So now we are on to part four! Isn't that exciting?! This part will cover five chapters. I can't remember what they're about so I guess we'll find out together.
Cheers!
Shakespeare: The Biography
by
Peter Ackroyd
Part Four
Chapter 32: Among the Buzzing Pleased Multitude
Shakespeare followed public taste, but he also helped create it. He wrote ten plays on the subject of English history and we can infer that it was a subject he loved to write about. However, as is often the case with literary genius, the imagination of the age helped to inspire him. This is a sense was the first period of secular history in England. If human will rather divine providence was the source of significant event, then drama had found a new subject. It could be said that Shakespeare was present at the invention of human motive and human purpose in English history.

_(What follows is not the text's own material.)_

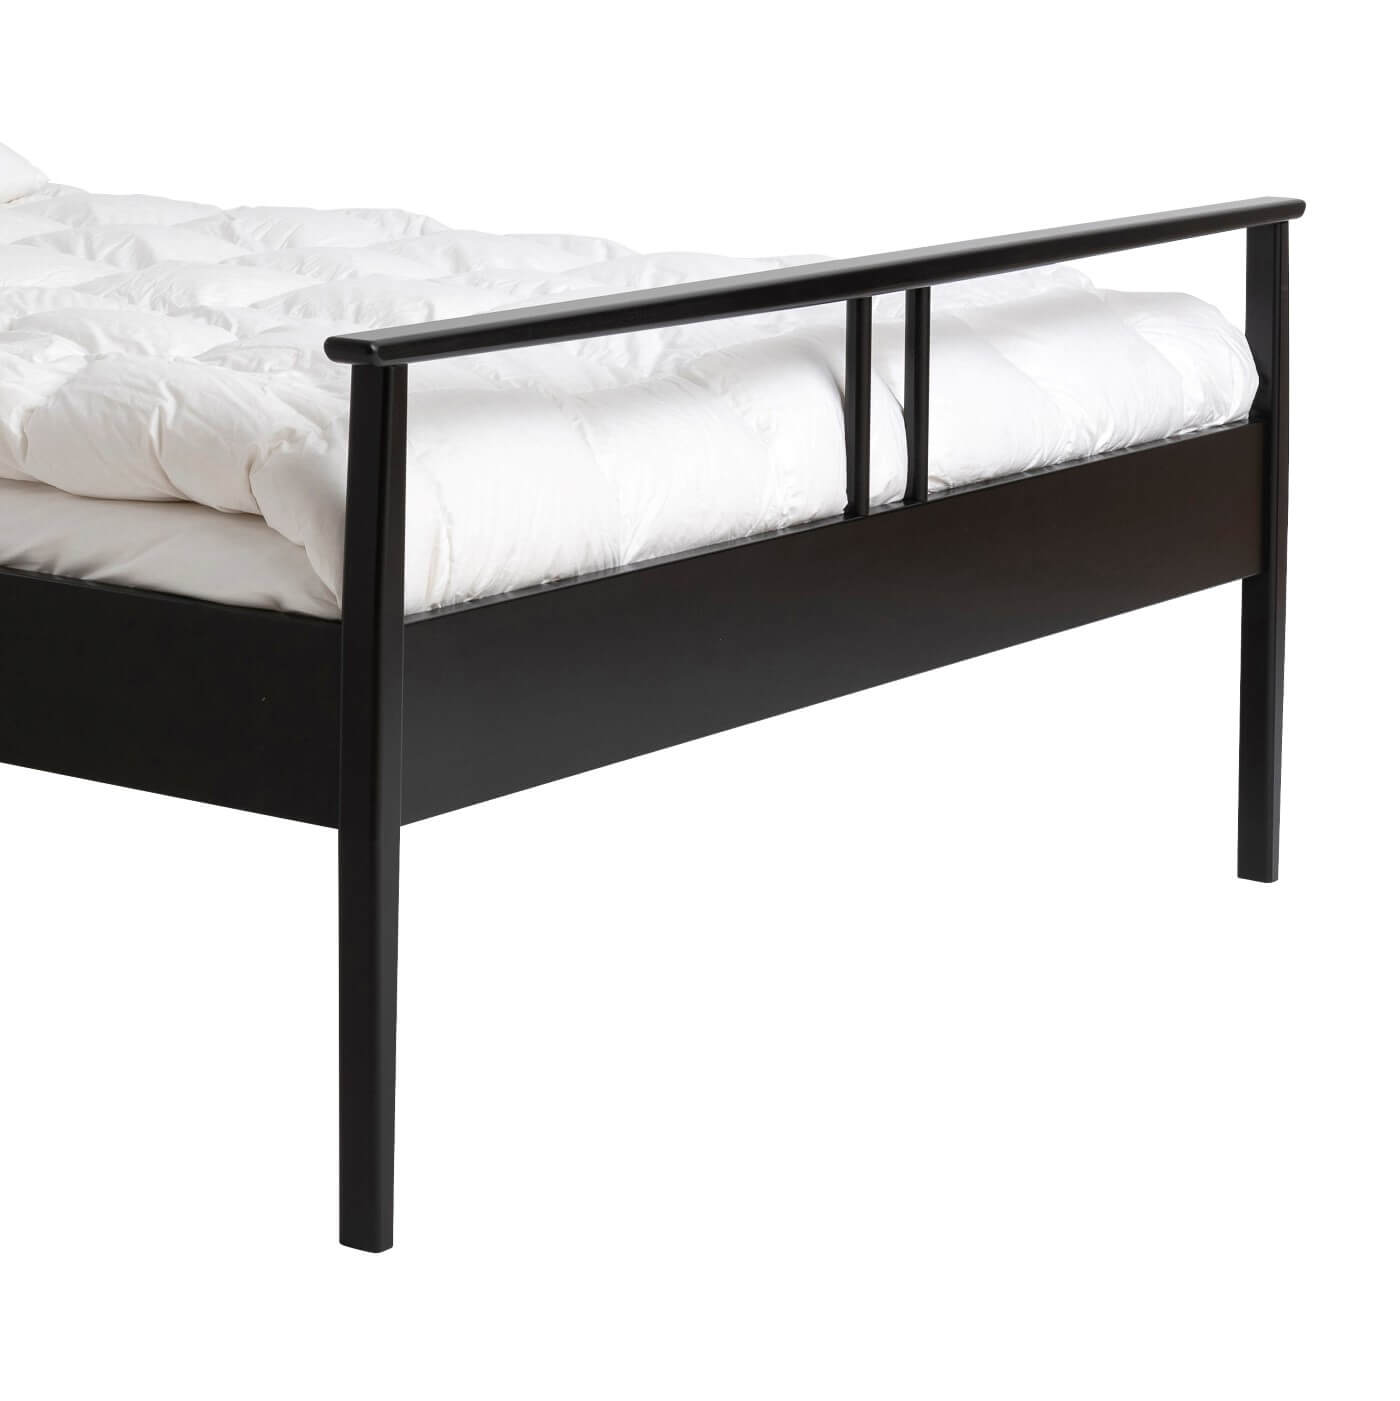 Czarne łóżko drewniane nowoczesne NOEL 160x200. Przybliżony widok na piękne wysokie nóżki łóżka z drewna brzozy skandynawskiej lakierowanej na kolor czarny

Hall's The Union of the Two Noble and Illustre Families of Lancaster and York had been published in 1548, and the first edition of Holinshed's The Chronicles of England, Scotland and Ireland followed in 1577. These were the books that Shakespeare devoured, although he seemed to favour Holinshed's more popular account of the past. If we wish to see Shakespeare as a characteristically English writer, this appetite for historical re-creation affords some evidence for that identification
By 1591 he was already so successful that he might have been conveying funds to his wife and family. Whether he appeared in person is another matter. He may have entrusted his money to a carrier, but the matters of his home town still concerned him, His father's affairs in particular worried him. He was thoroughly informed of his father's decision to file a bill in the late summer of 1588, to get back the house in Wilmcote from their their relative, Edmund Lambert. The case was meant to be heard in 1590 but was dropped, only to be revived eight years later. It has even been suggested that Shakespeare himself may have had to appear at court to further his father's case.
Shakespeare stayed with Burbage's men at the Theatre, while the rest of Lord Strange's Men left with Alleyn to the Rose. But in 1592 the future of the London theatre was not all clear or secure for any theatrical company. At the beginning of June there was a riot among apprentices, who had come to see a play. The riot spread to the other side of the river and the theatres were closed for three months. In July Lord Strange's Men begged the Privy Council to consider reopening the Rose which threw an interesting light on the condition of all the players at this time. They were obliged to tour in the country, as a result of the closing of the theatres, They argued for for the opening of the Rose as :a greate releif to the poore watermen theare" who had lost their custom. They were issued their consent the plague was emerging in the city and by so there would be no stage plays during the epidemic.
Burbage's men were in the same condition as their colleague on the other side of the river. They could not work in London and were obliged to tour the country. It may have been at this juncture that Burbage sought the patronage of Henry Herbert, the second Earl of Pembroke, to lend an air of respectability to the group of strolling players that included the young Shakespeare.
So we see that Shakespeare was moving from the Queen's Men to Lord Strange's Men and then onward to Pembroke's before he found his final home in the Lord Chamberlain's Men. It did not mean that he was a freelance but that he followed a fellow actors as one company grew out of another. He was loyal, as well as immensely hard-working.